TASK STATEMENT: If a line below falls between the line with "Hunnic-Warrior-Nomads-Riding-Across-Endless-Steppe" and the line with "College was the", or is one of those two, output it exactly; output nothing else and no pictures.

RECORDS SHOWN:
------------------------------------------------------------------------
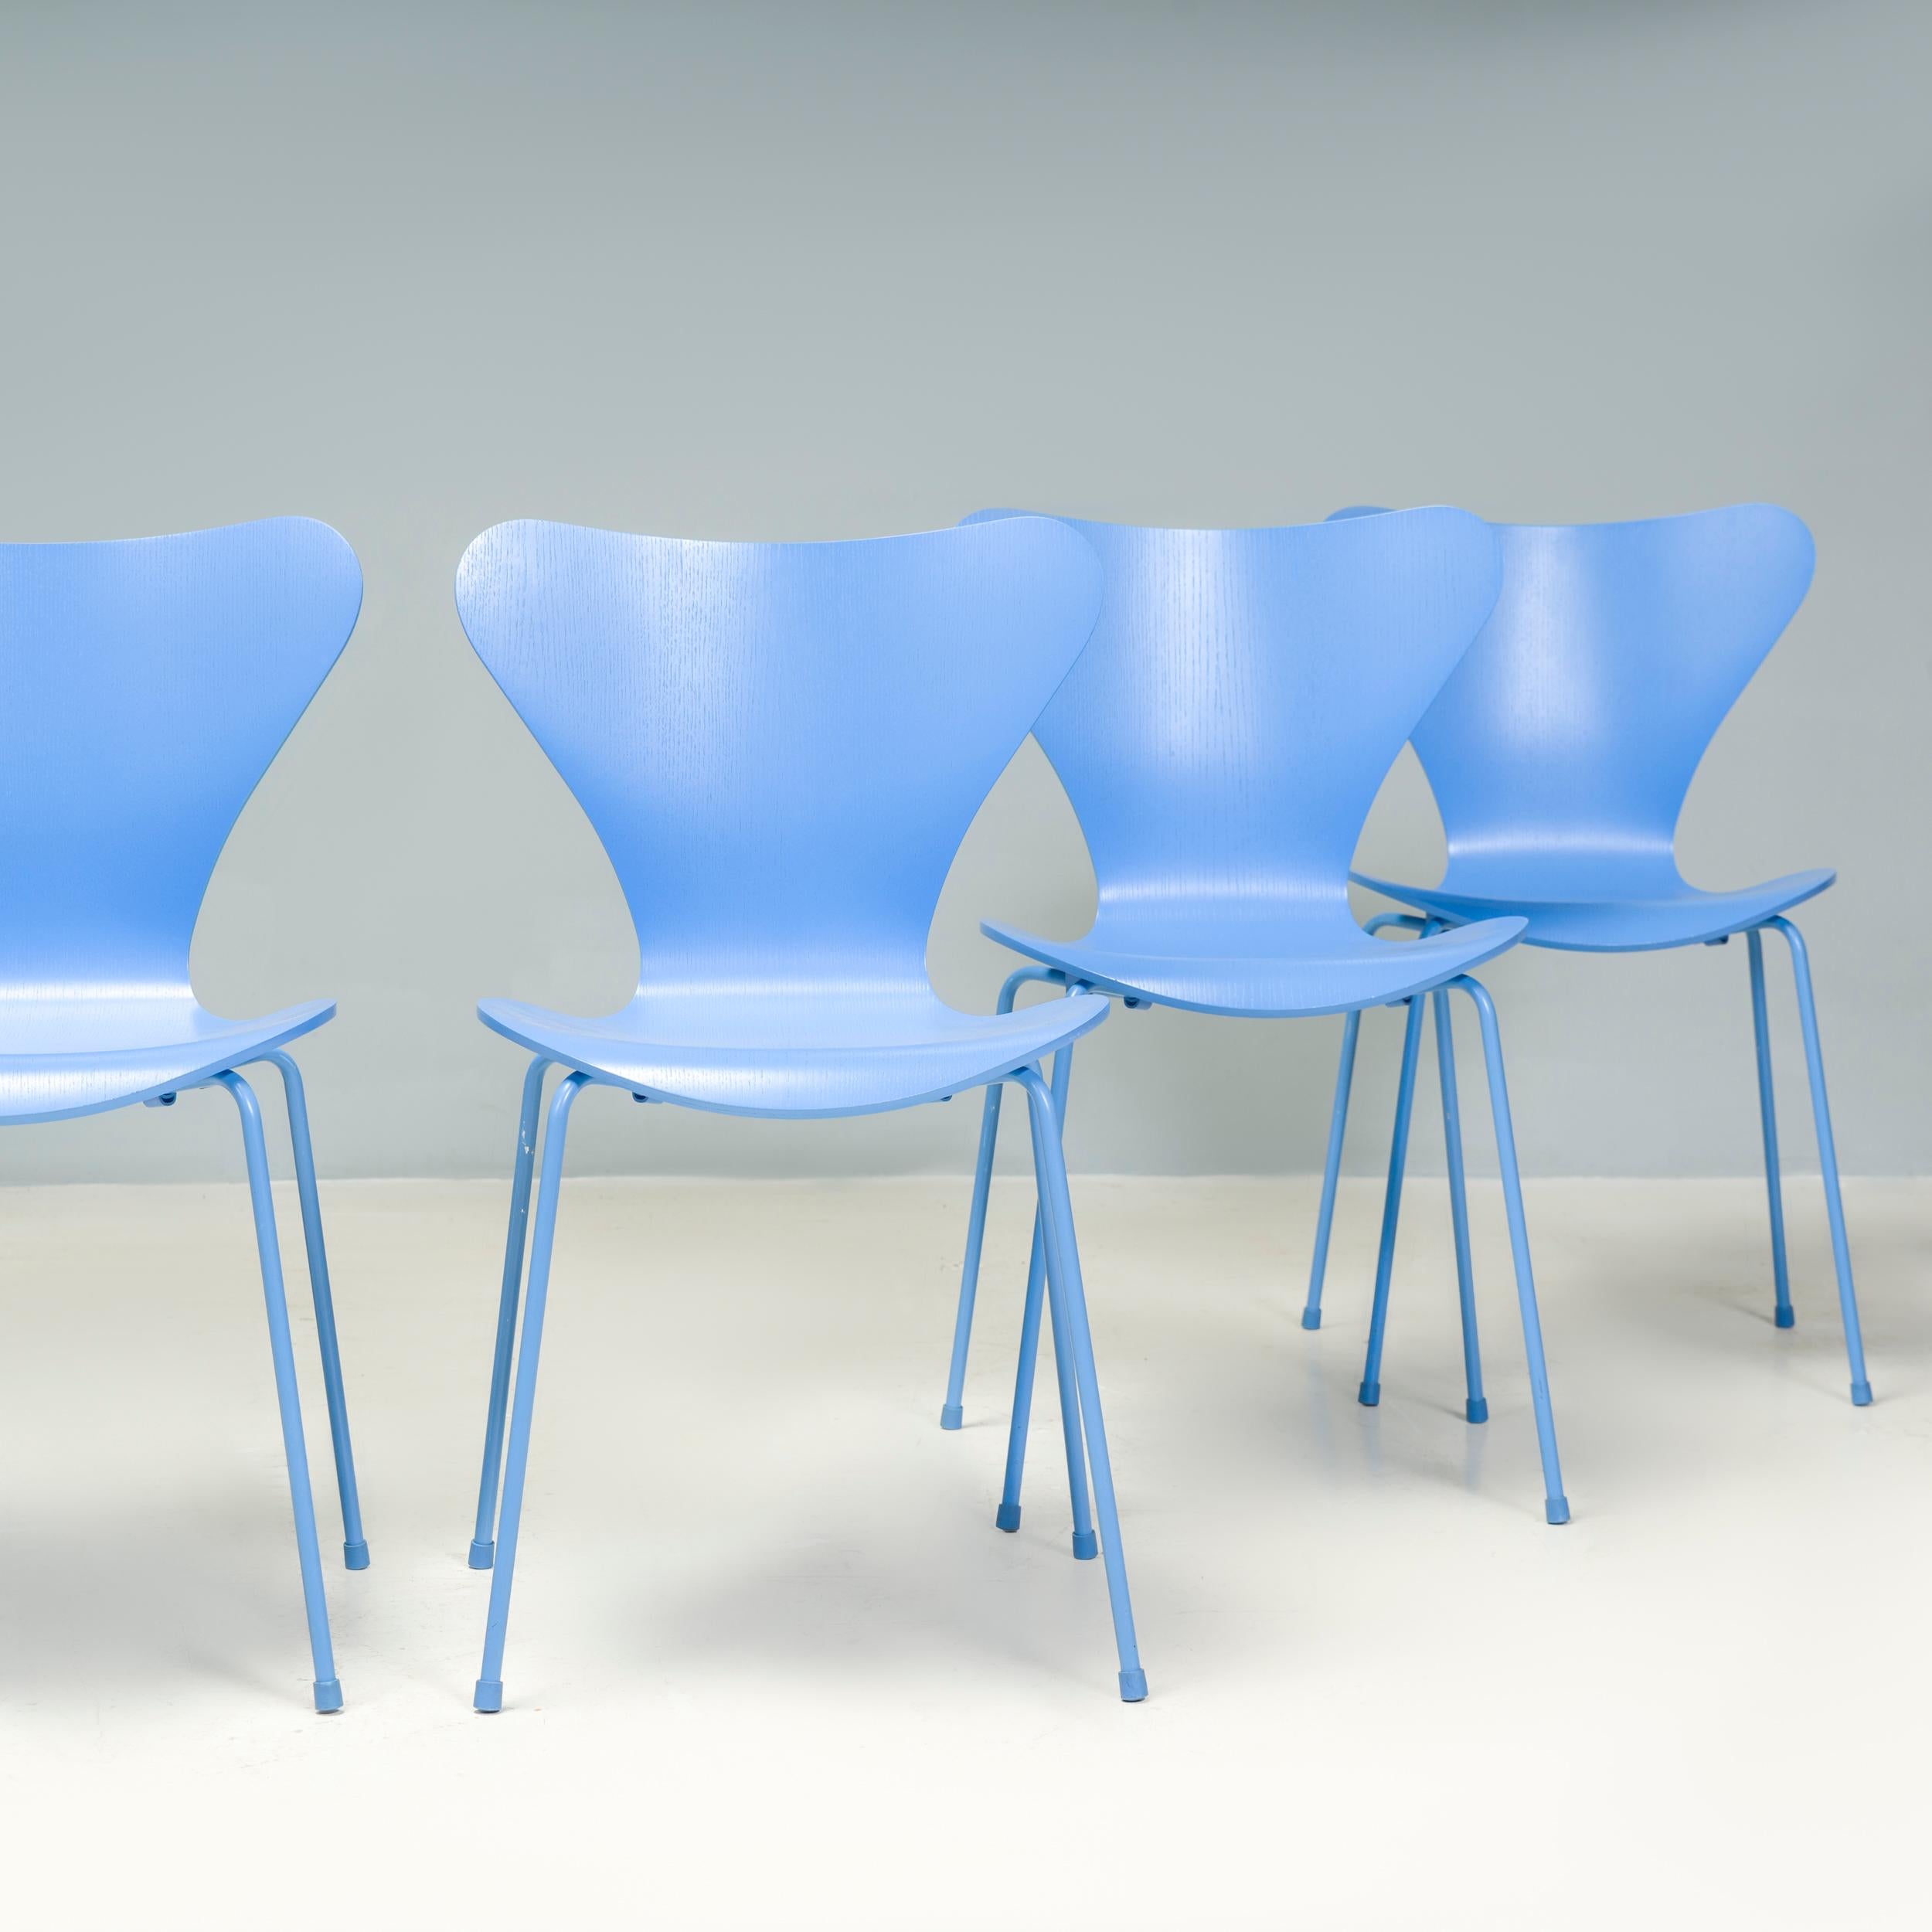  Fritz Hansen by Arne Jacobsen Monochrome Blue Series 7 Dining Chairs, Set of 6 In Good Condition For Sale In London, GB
------------------------------------------------------------------------
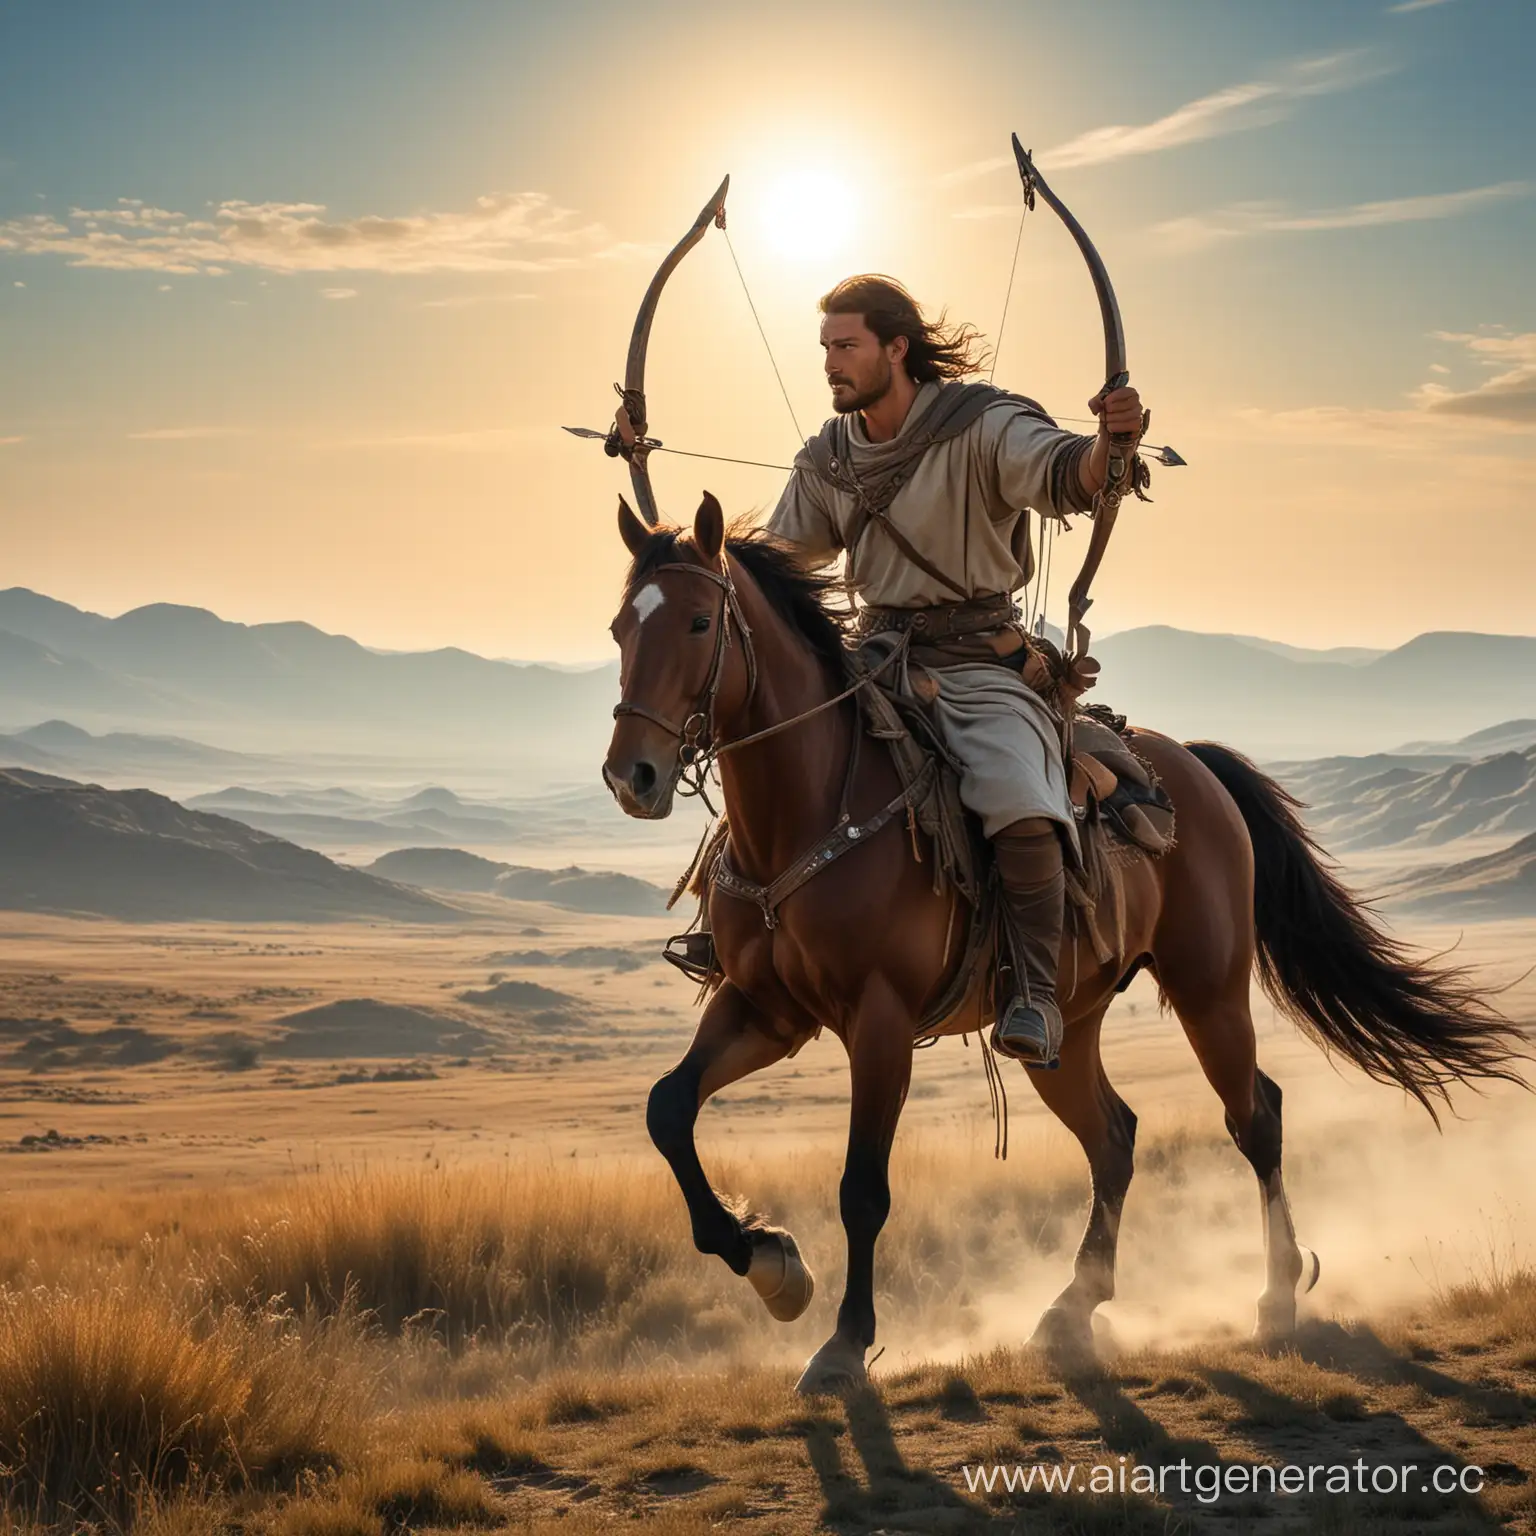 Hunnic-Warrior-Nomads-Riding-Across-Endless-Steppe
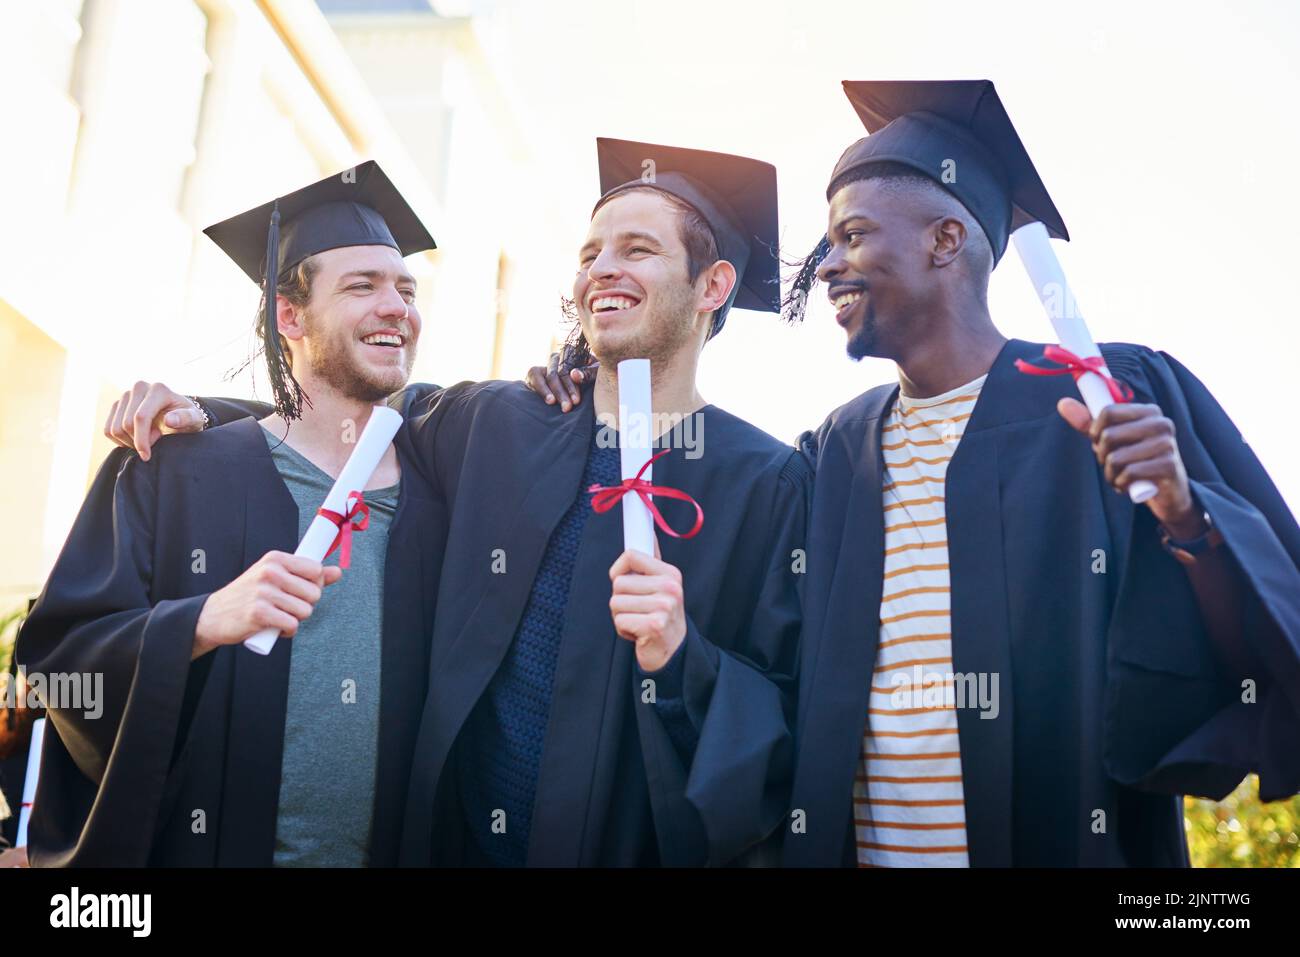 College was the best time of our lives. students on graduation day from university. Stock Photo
------------------------------------------------------------------------
OUTPUT FOR THIS TASK:
 Hunnic-Warrior-Nomads-Riding-Across-Endless-Steppe
 College was the best time of our lives. students on graduation day from university. Stock Photo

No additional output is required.